» **WHAT IS REQUIRED**
The output is a word-for-word repeat of the listing below, free of images.

» **AVAILABLE DATA**
:::::

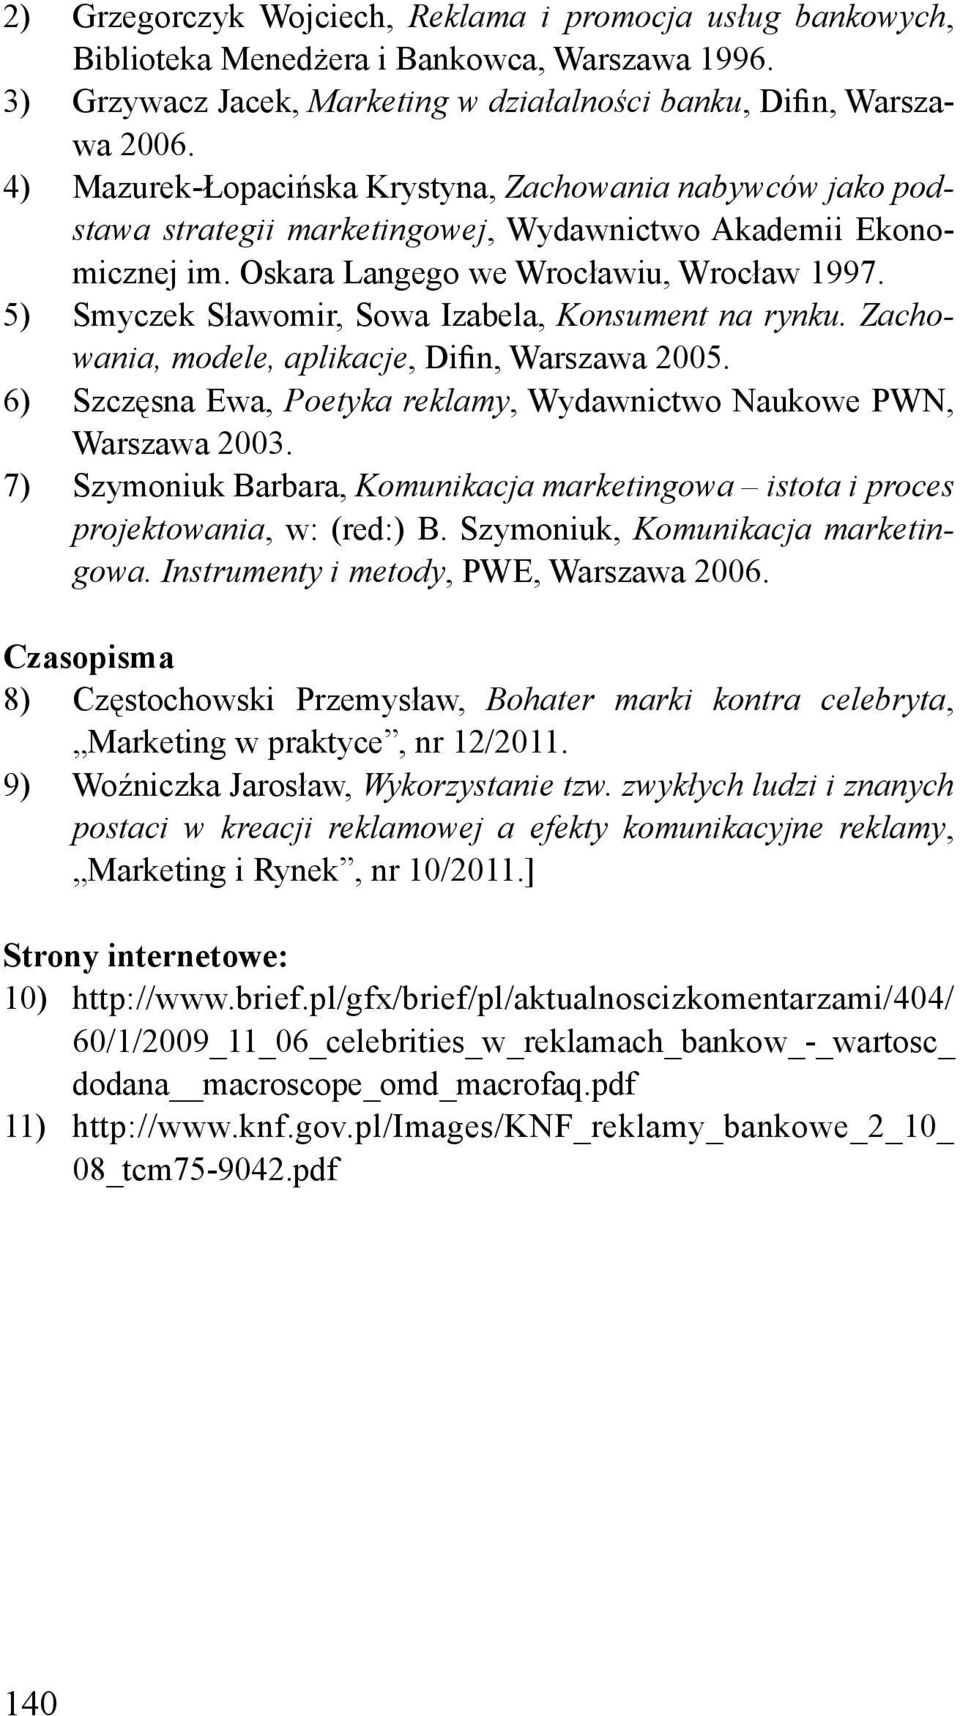 5) Smyczek Sławomir, Sowa Izabela, Konsument na rynku. Zachowania, modele, aplikacje, Difin, Warszawa 2005. 6) Szczęsna Ewa, Poetyka reklamy, Wydawnictwo Naukowe PWN, Warszawa 2003.
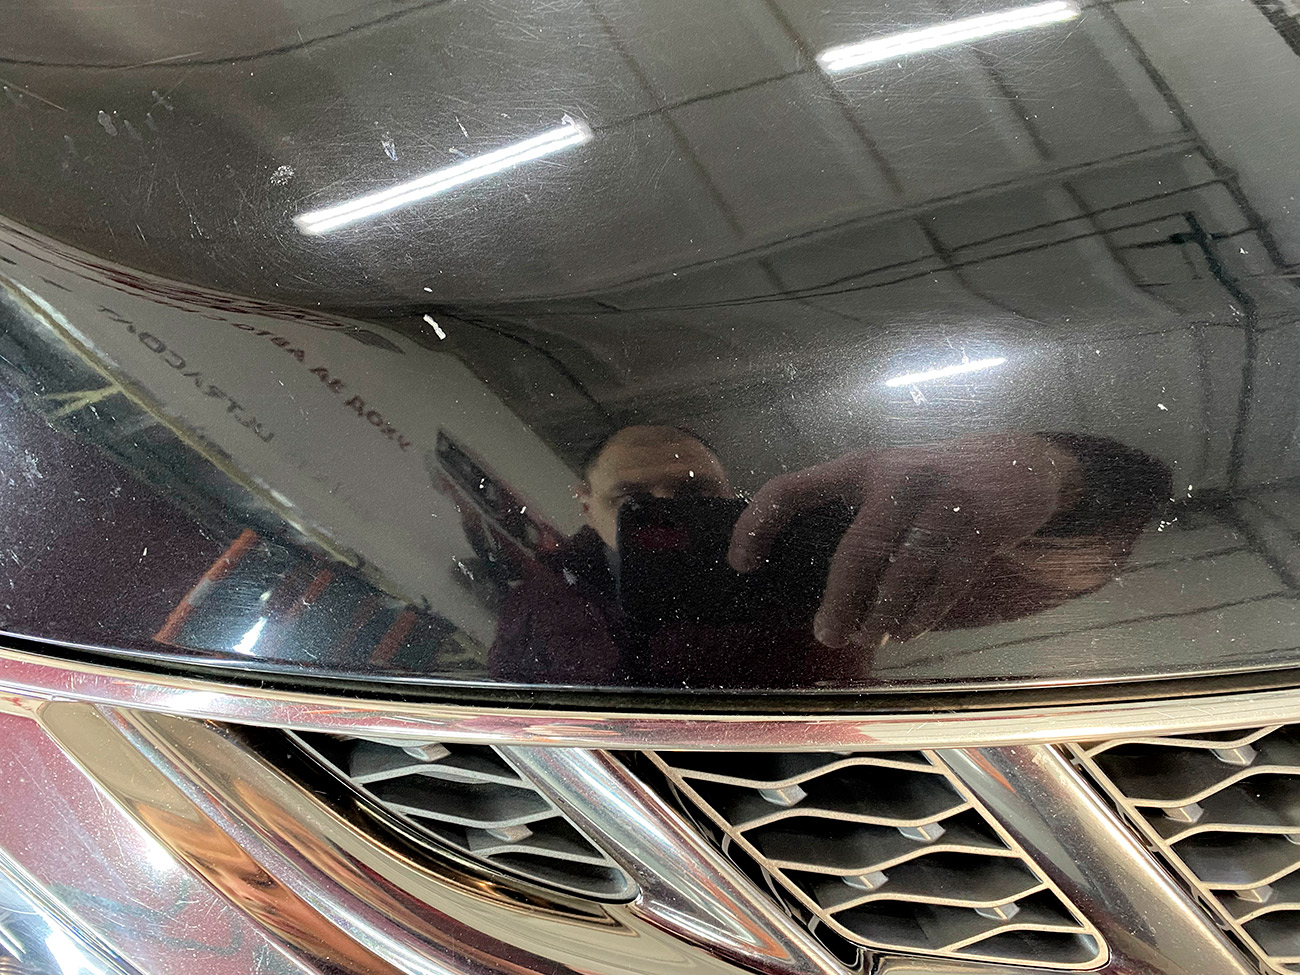 Смотреть на фото капот и решетку радиатора автомобиля Ниссан Мурано до ремонта сколов и полировки.
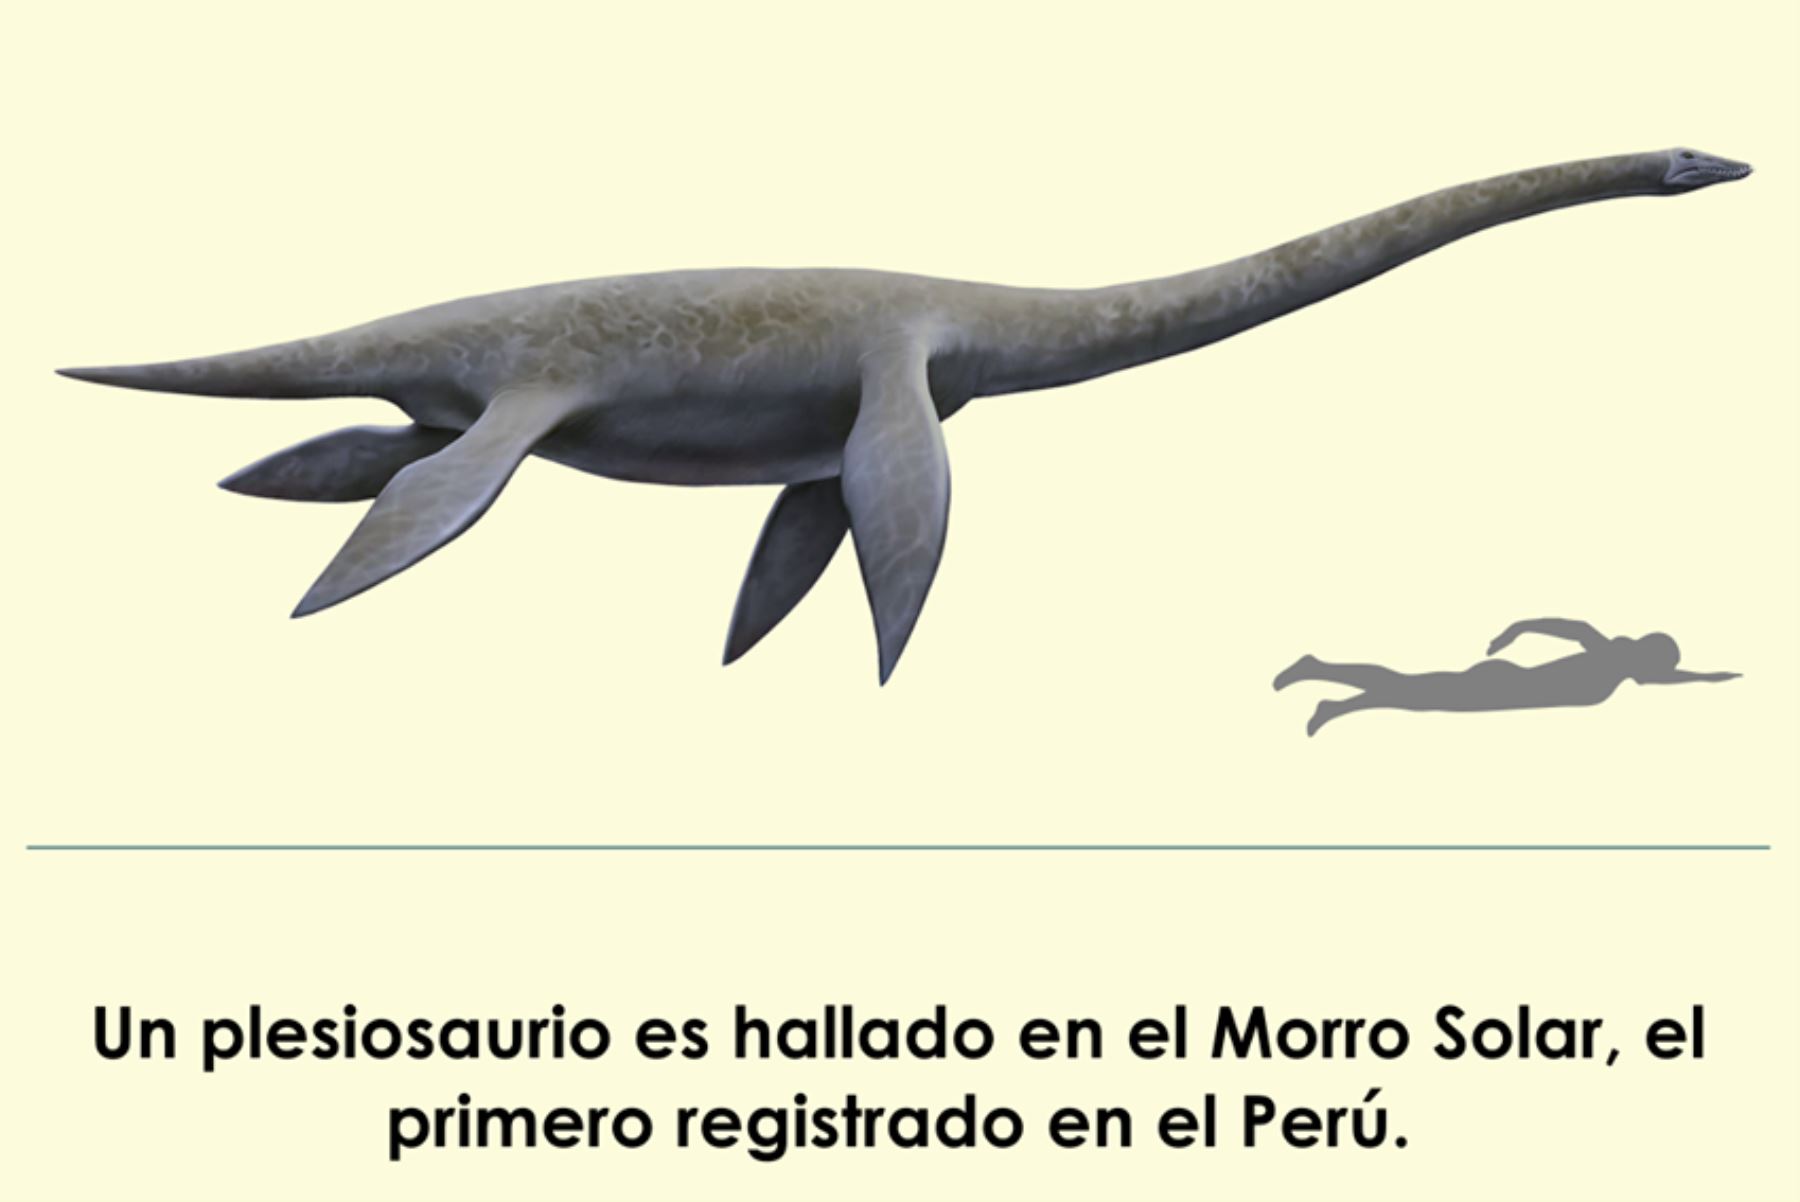 Hallan el primer plesiosaurio en el Morro Solar de Chorrillos

:::::

» **TASK OUTPUT**
 5) Smyczek Sławomir, Sowa Izabela, Konsument na rynku. Zachowania, modele, aplikacje, Difin, Warszawa 2005. 6) Szczęsna Ewa, Poetyka reklamy, Wydawnictwo Naukowe PWN, Warszawa 2003.
 Смотреть на фото капот и решетку радиатора автомобиля Ниссан Мурано до ремонта сколов и полировки.
 Hallan el primer plesiosaurio en el Morro Solar de Chorrillos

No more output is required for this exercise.